– Какой?

– Не знаешь? И не нужно! – резко произнесла Муся. Смягчаясь, добавила: – Ему, если хочешь знать, в нашем режимном городе даже прописка не положена! Так-то! Он ведь из… Из бывших…

– Горяев! – У меня дыхание перехватило. Но от моего восклицания шевельнулся ребенок, и Муся погнала меня за дверь.

– И ты, и ты нарушитель! Ребенка разбудил.

С тем и выпроводила.

Так с Мусиной легкой руки я привязался к клубу. А к кому мне было еще привязываться, я жил один. И жил один, и был один.

Но первым, кто меня отметил вниманием, был клубный художник Толик. Он тут по делам клуба крутится с утра до вечера, но еще и ночью, ибо здесь и живет в крошечной каморке за сценой, где обычно хранят всякую бутафорию, комфортно расположившись среди фанерных щитов, заготовок для рекламы, банок с красками и всякими растворителями, среди каких-то старых барабанов, горнов, сваленных в кучу вместе с переходящими знаменами, бюстиками и бюстами Ленина. Один, правда, с отколотым носом.

Здесь Толик спит на железной коечке в углу, здесь рисует свои рекламы. А когда истощаются «финансы, которые поют романсы!», но не ранее, даже на день, сосредоточивается «на халтуре»: расписывает знаменитые коврики с котятами, которые здешние жители с охотой у него покупают – по трешке за штуку. Котята у него и впрямь как живые, чего не скажешь о киногероях на фанерных рекламах – все на одно лицо.

На столике, которым служит тот же кусок фанеры, положенный на старый ящик, электроплитка с подгоревшей спиралью.

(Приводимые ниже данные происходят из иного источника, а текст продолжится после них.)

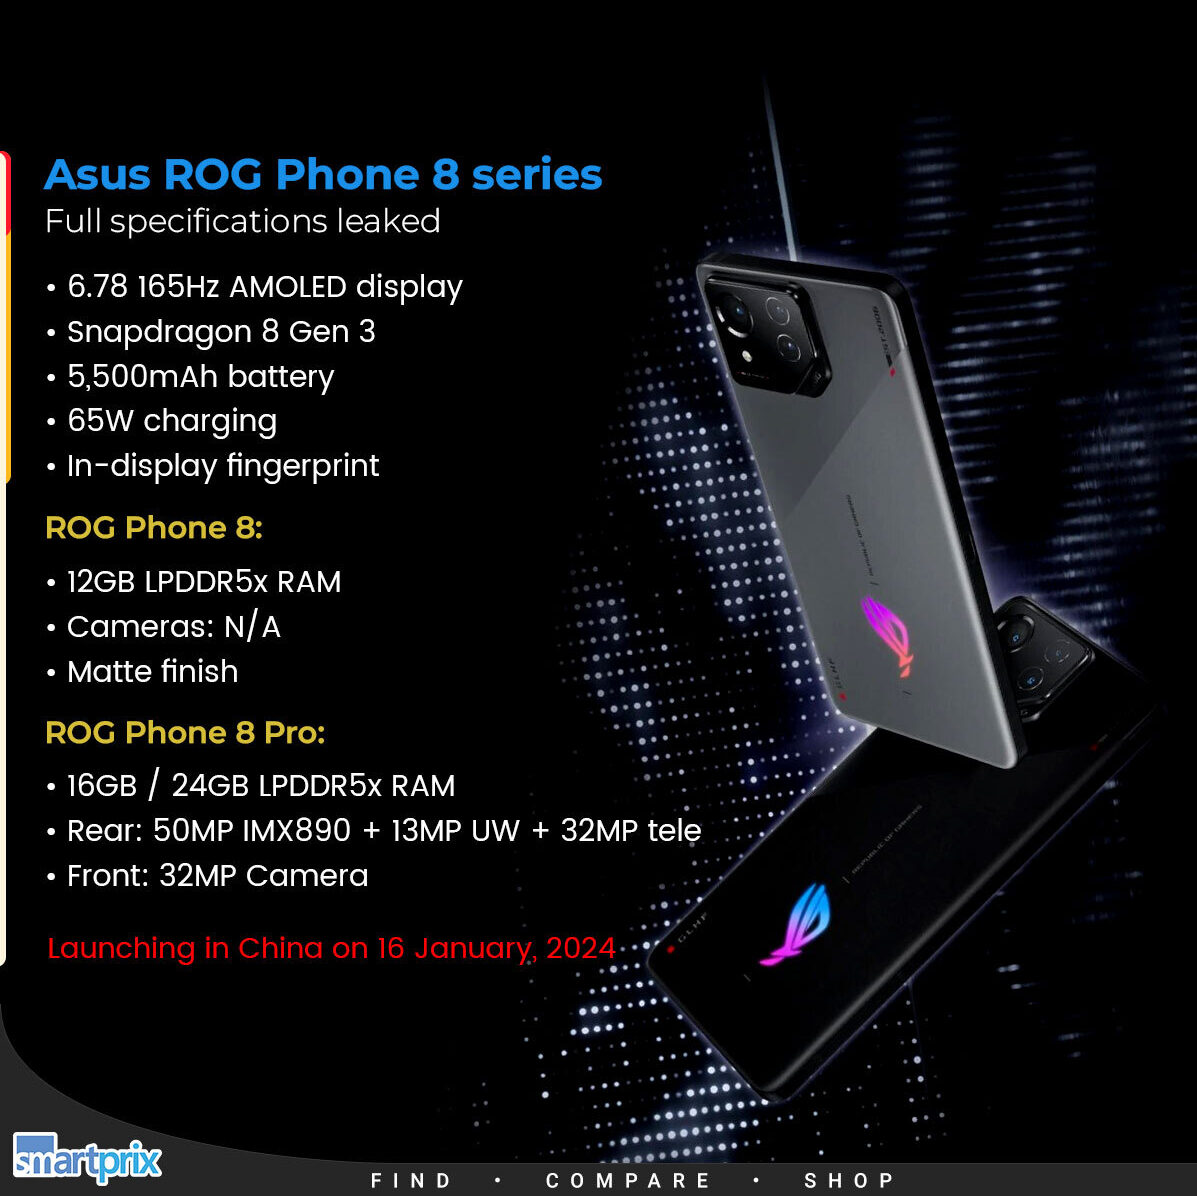 Asus ROG Phone 8 series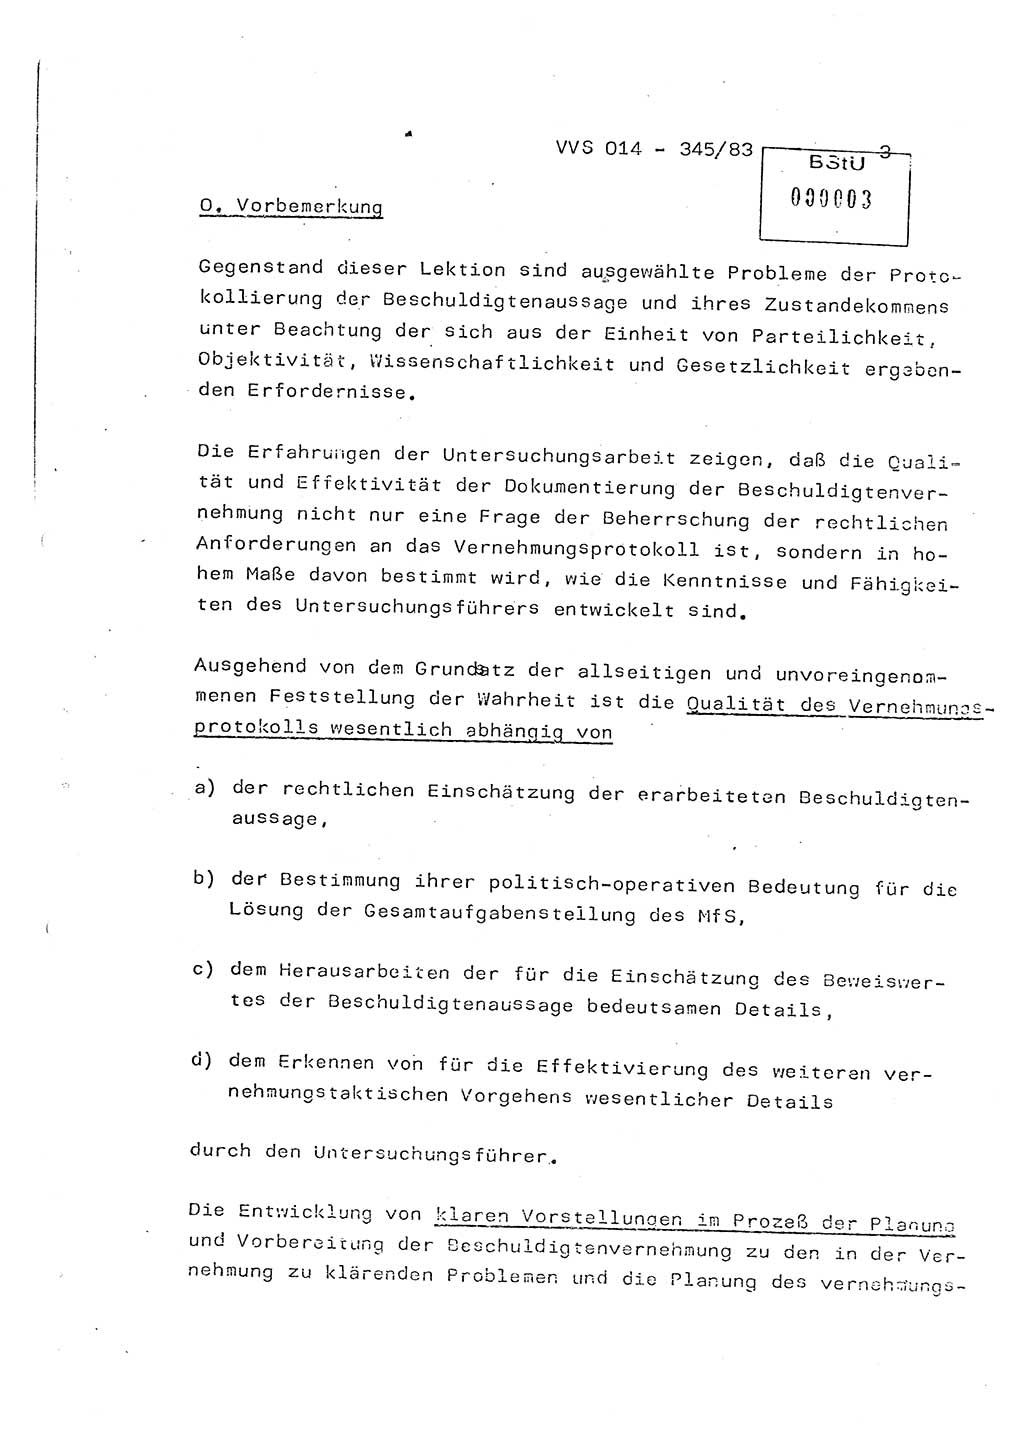 Lektion Ministerium für Staatssicherheit (MfS) [Deutsche Demokratische Republik (DDR)], Hauptabteilung (HA) Ⅸ, Vertrauliche Verschlußsache (VVS) o014-345/83, Berlin 1983, Seite 3 (Lekt. MfS DDR HA Ⅸ VVS o014-345/83 1983, S. 3)

Когда Толик впервые привел меня к себе, он сдул с плитки пепел, потыкал в спираль какой-то щепочкой и, когда заискрилось, поставил греть огромный эмалированный чайник бывшего синего цвета. Рядом с плиткой на газете открытая консервная банка – «Частик в томате» и надломанная буханка хлеба.

– «От черного хлеба и верной жены мы…» Ну, и так далее – в общем, заражены, – продекламировал он странно. Извлек из-под старых плакатов черный дерматиновый короб, а из него вдруг баян, сверкнувший рядами перламутровых кнопок. Поставил себе на колени, пригладил, пощупал, даже носом по нему провел, взял несколько нот и вдруг решительно вместе со стулом отодвинулся в темный дальний угол, словно исчез куда-то, оставив лишь звуки. Но какие звуки…

Закончил также неожиданно. Одним махом погрузил инструмент в темное нутро короба, лишь сверкнула на прощание серебряной искрой перламутровая кнопка и потухла. И каморка потухла. Все стало как прежде: куча красного тряпья со вчерашними призывами, кого-то куда-то зовущими, шаткий столик с остывающим чайником и засохшей рыбой в консервной банке рядом с надломанной буханкой хлеба.

Приметив, что Толик свою каморку не запирает, я однажды спросил: не боится ли он, что такой драгоценный инструмент, как баян, у него сопрут, приделают ему, так сказать, ноги?

Толик очень удивился моему вопросу. Маленькие голубые глазки его потемнели.

– У меня – сопрут? – с интересом переспросил он. – У меня? Хотел бы я посмотреть, кто этот смельчак?

– Да чем ты страшен? – наивно поинтересовался я. Мне показалось, что Толик, как и все тщедушные мужики, немного бравирует.

– Ничем я не страшный, – произнес он загадочно. – Но я, знаешь… Я о-пас-ный.

– Ты – опасный? Чем? – приставал я.

– А чем электричество опасно? – вдруг спросил он. – Есть оно в проводе или нет, а его боятся. Правда? – И засмеялся. Я так и не понял, шутит он или нет.

В тот вечер я засиделся у него дольше обычного и опоздал на последнюю электричку, которая отходила в ноль сорок две по расписанию. Упустил, как бывает, из-под носа и остался мерзнуть на пустынной, продуваемой со всех сторон платформе до четырех двенадцати утра, то есть до первой утренней электрички. Надо было добраться до дому, покормить кошку и собаку, попить чайку и отправиться до этой же платформы обратно, чтобы не опоздать на работу. За опоздание у нас строго карали. В ту ночь я простудился, загрипповал и провалялся неделю в жару, вышел – еще качало.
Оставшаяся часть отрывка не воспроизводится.